Elbette caz ve dünya müziği ile buluşmalar müziğimi zenginleştirdi. Lakin bu müziğin özü hâlâ bize ilişkin ve kelamları Türkçe’ydi. Dünya müzik etrafları içinde o devir için bu yeni bir durumdu. 80’li 90’lı yıllarda dünya müziği kavramı o kadar bilinen ve anlaşılır bir şey değildi. Ben tekrar de inandığım formda ilerledim. Ondan fazla albüm, binlerce konser, şenlik ve turne ile yoluma devam ettim. Birebir süreçte vurmalı aletlere merak saldım ve çalmaya başladım. Müziğin ideolojisine dair seyahatler daha derinleştirdi beni. Müziğin şifalandırıcı tesirlerine ağırlaştım ve hala yol beni nereye götürürse gidiyorum…
Türkiye dışında daha mı popülersiniz?
Gerek Türkiye’de gerekse yurt dışında 10’un üzerinde albüm yaptım. Çok sayıda projede yer aldım. Yurt dışında yalnızca bir müzikçi olarak değil, birebir vakitte çeşitli vurmalıları da ustalıklı bir biçimde çalabilen memleketler arası bir bestekar ve yorumcu olarak da biliniyorum. Lakin Türkiye’de daha az bilindiğim gerçek. Umarım bu dönüşüm ile bu ortayı kapatırım. Çünkü artık yaptığım her şeyi kendi insanlarımızla paylaşmak istiyorum. Müzik çalışmalarım ile yurt dışında aşikâr bir doyum yaşadım sıra ülkemde. Müziğimi ülkemle paylaşmak istiyorum.

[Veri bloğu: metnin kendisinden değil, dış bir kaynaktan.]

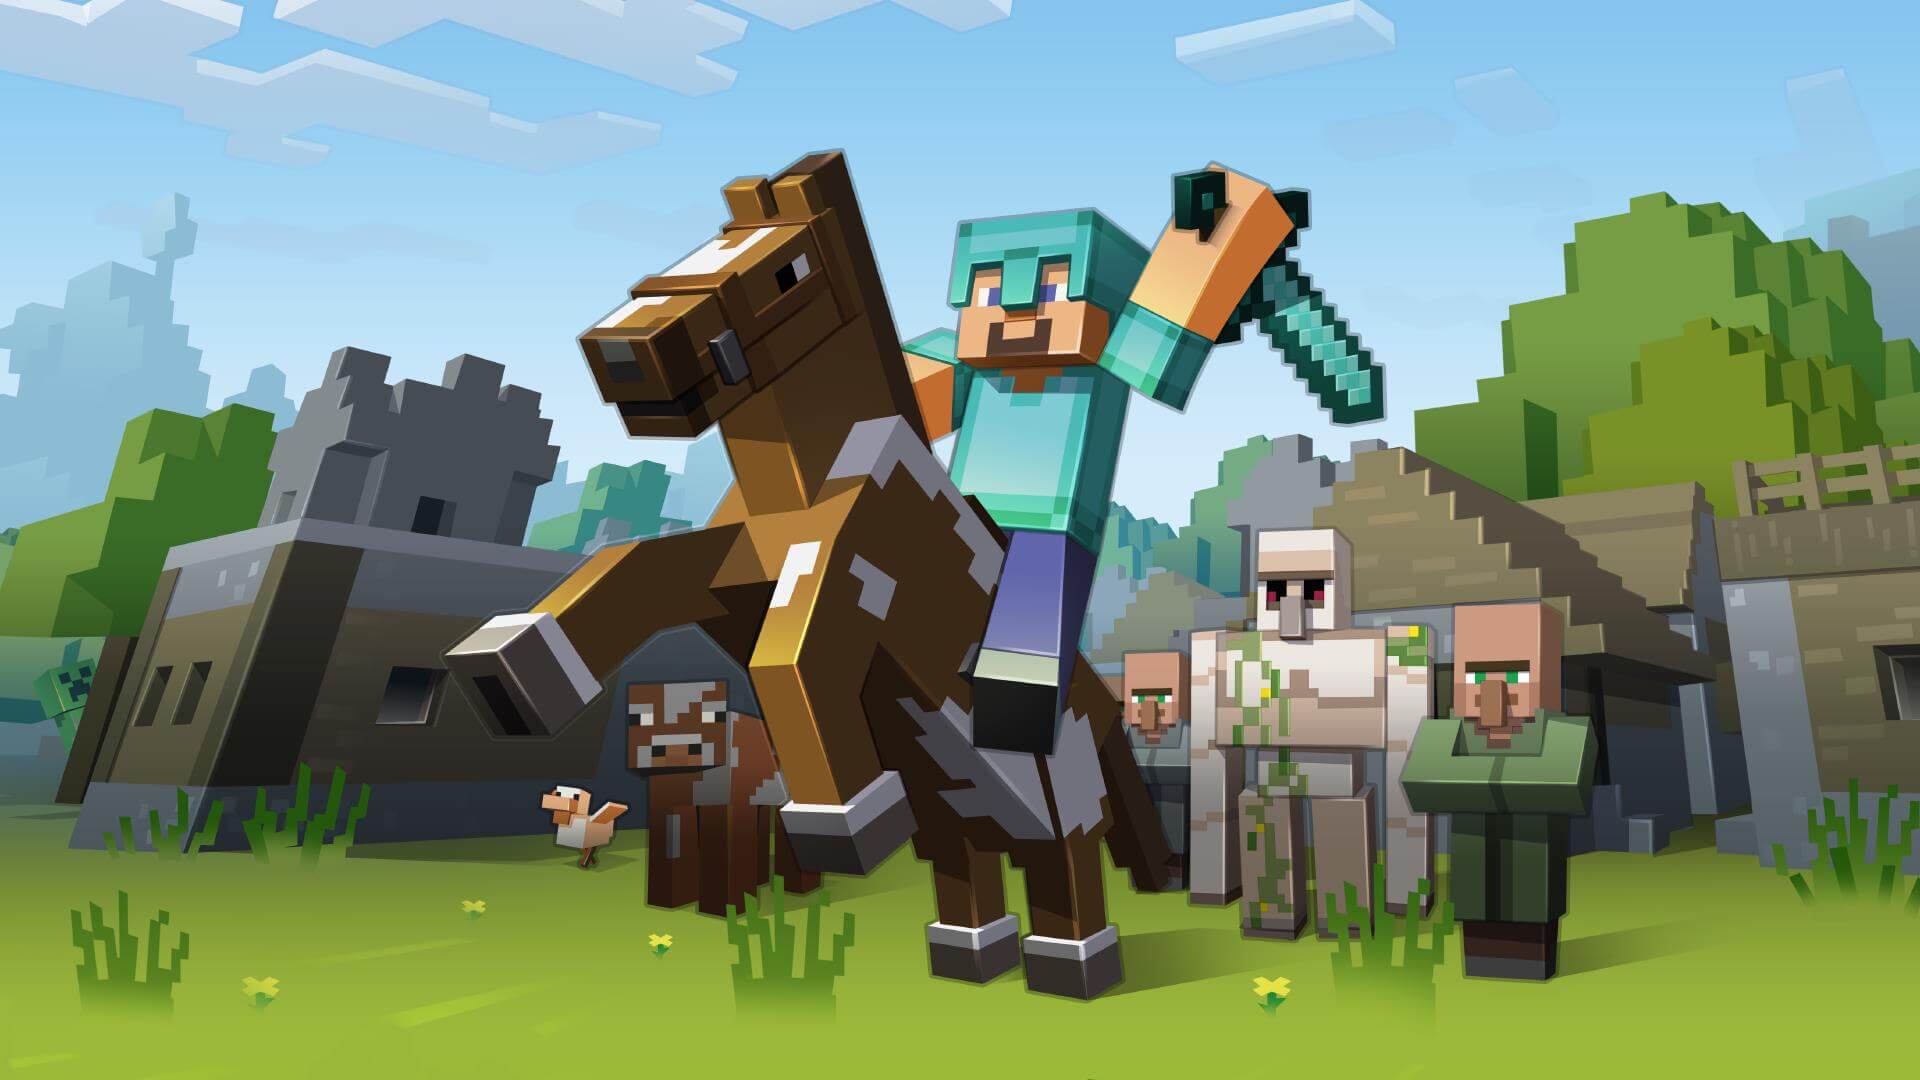 Minecraft wallpaper mobs cung cấp cho bạn những hình ảnh đặc sắc và sống động về các con mob trong trò chơi Minecraft. Hãy đón xem để tận hưởng những giây phút thú vị cùng Minecraft wallpaper mobs.
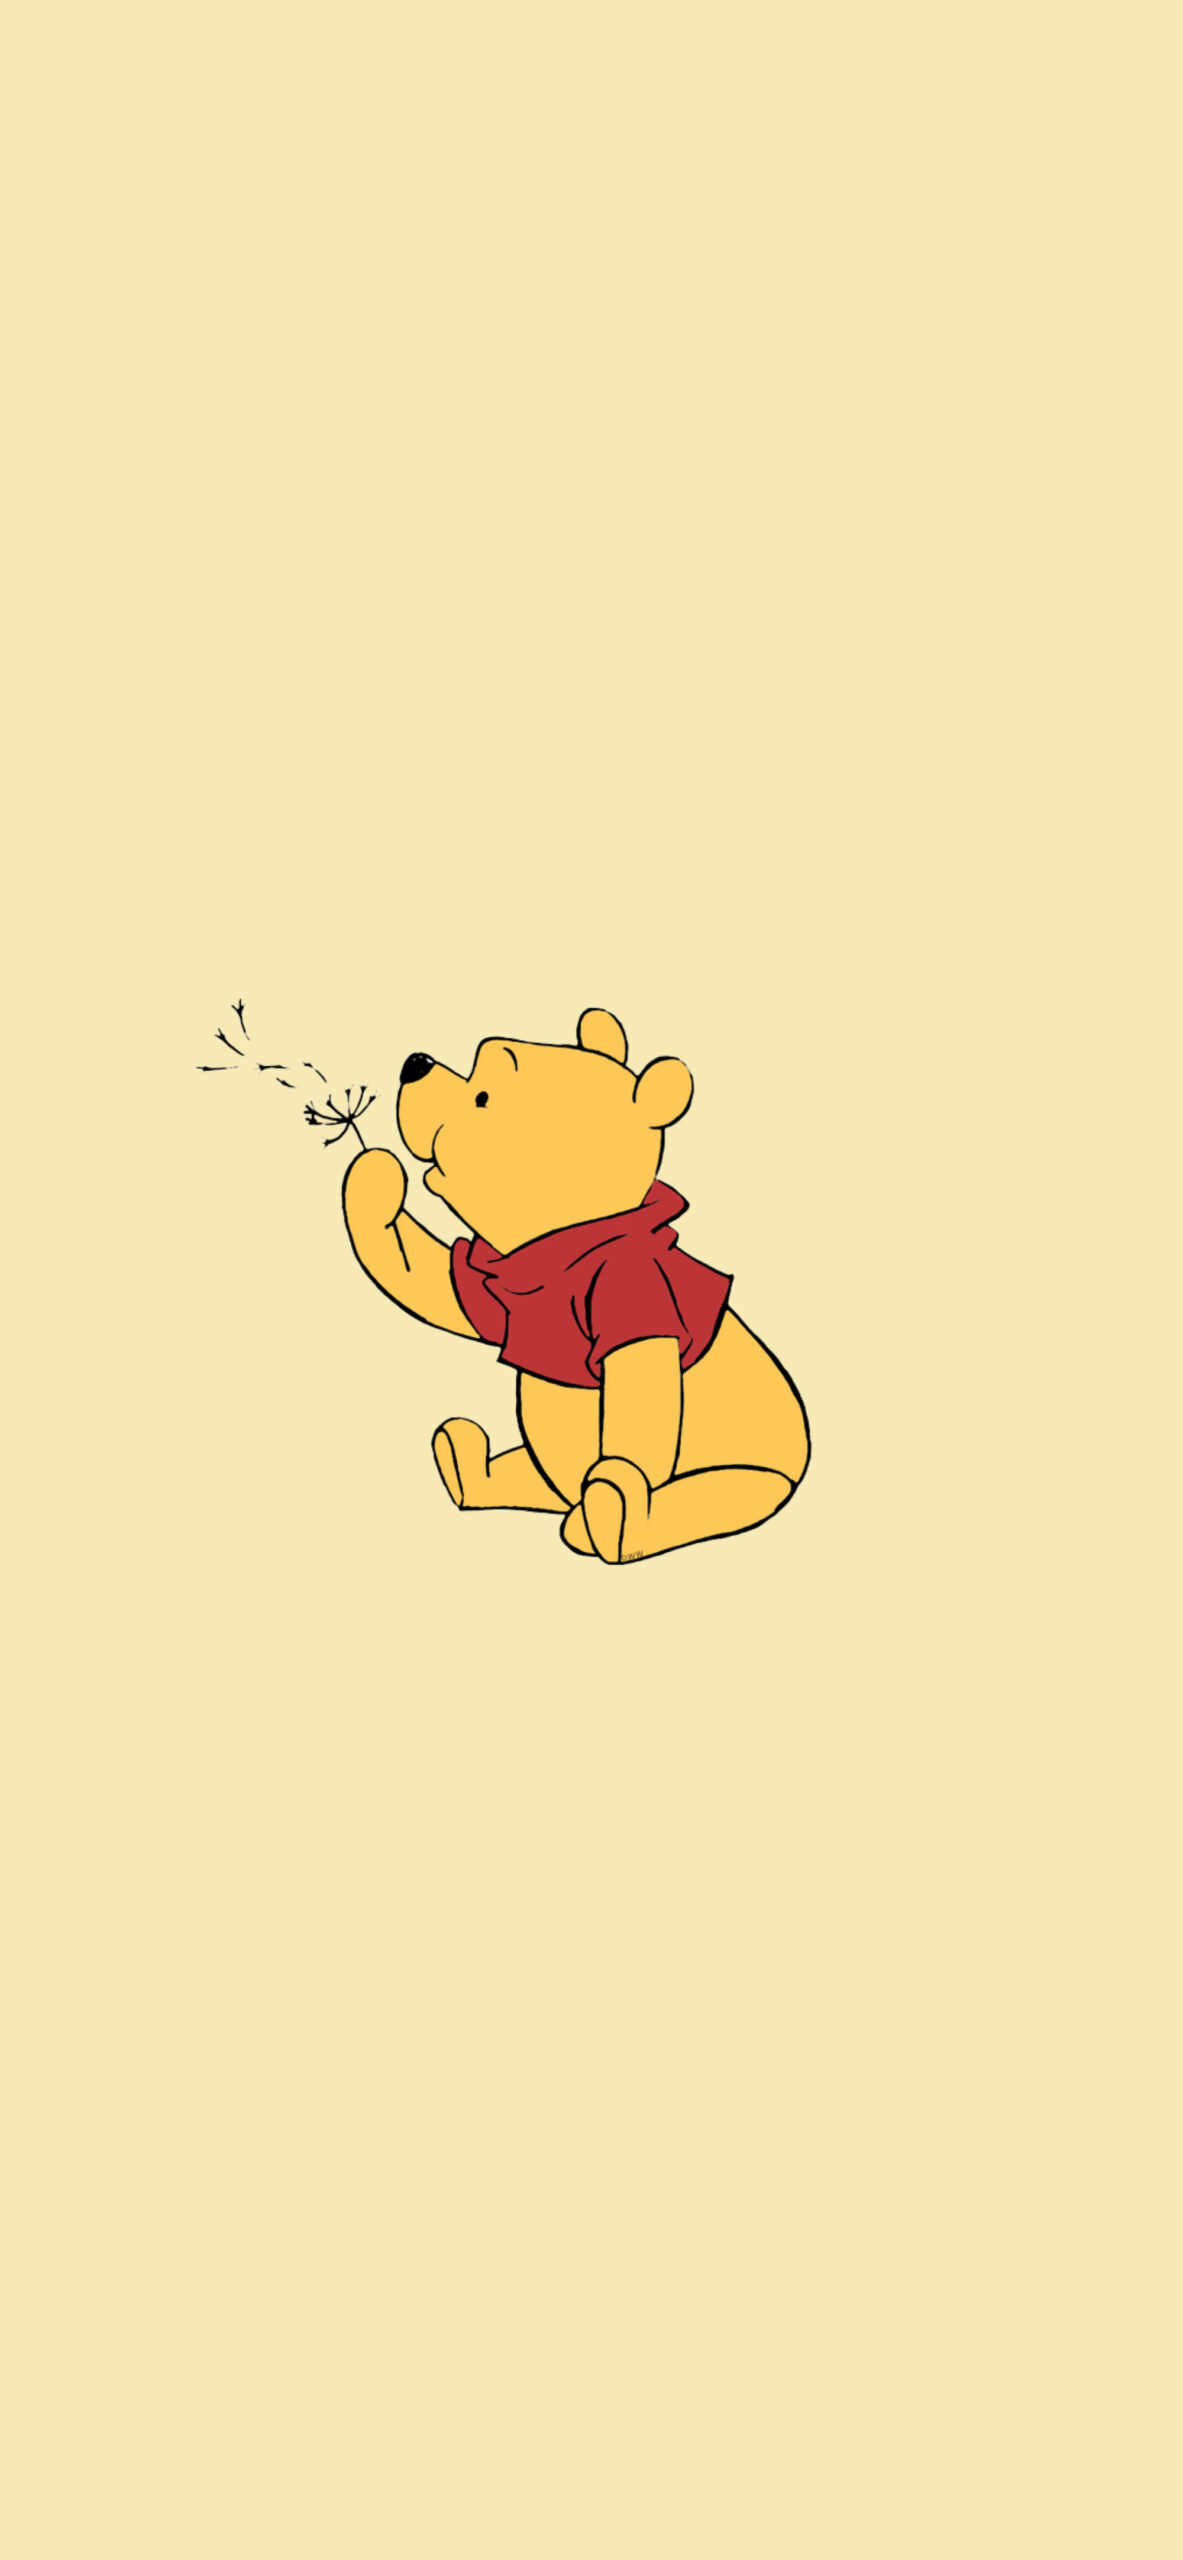 iDesign | Hành trình 90 năm của Winnie the Pooh: Từ bản phác họa trở thành  biểu tượng của Disney

Çocukluğumdan bu yana Türk müziğinin her hâlini başımın içinde büyük orkestralar ile çalar ve aranjmanlarını yapardım. Hala yaptığım gibi… Ama bunu gerçekleştirmek her vakit kolay olmuyor. Hala Türk müziği için yapmak istediklerimi yapmış değilim, yalnızca biraz daha yaklaştım.
Müzik çalışmalarınızla eş vakitli olarak ses ve nefes teknikleri, şamanizm gelenekleri ritimleri, üzere atölyeler yönetiyorsunuz. Bahsetmek ister misiniz?
Sesin ve ritmin etrafında olan her şey varoluşumuzun kesimlerindendir. Bilgilerimi enerjilerimi atölyeler yaparak paylaşmaktan büyük bir memnunluk duyuyorum. Yaptıkları işlerin farkındalığını, öz inançlı ve tesirli kılmak için faydalanıyorlar. Müziğin şifalandırıcı, yapan tesirleri ile tanışıyorlar.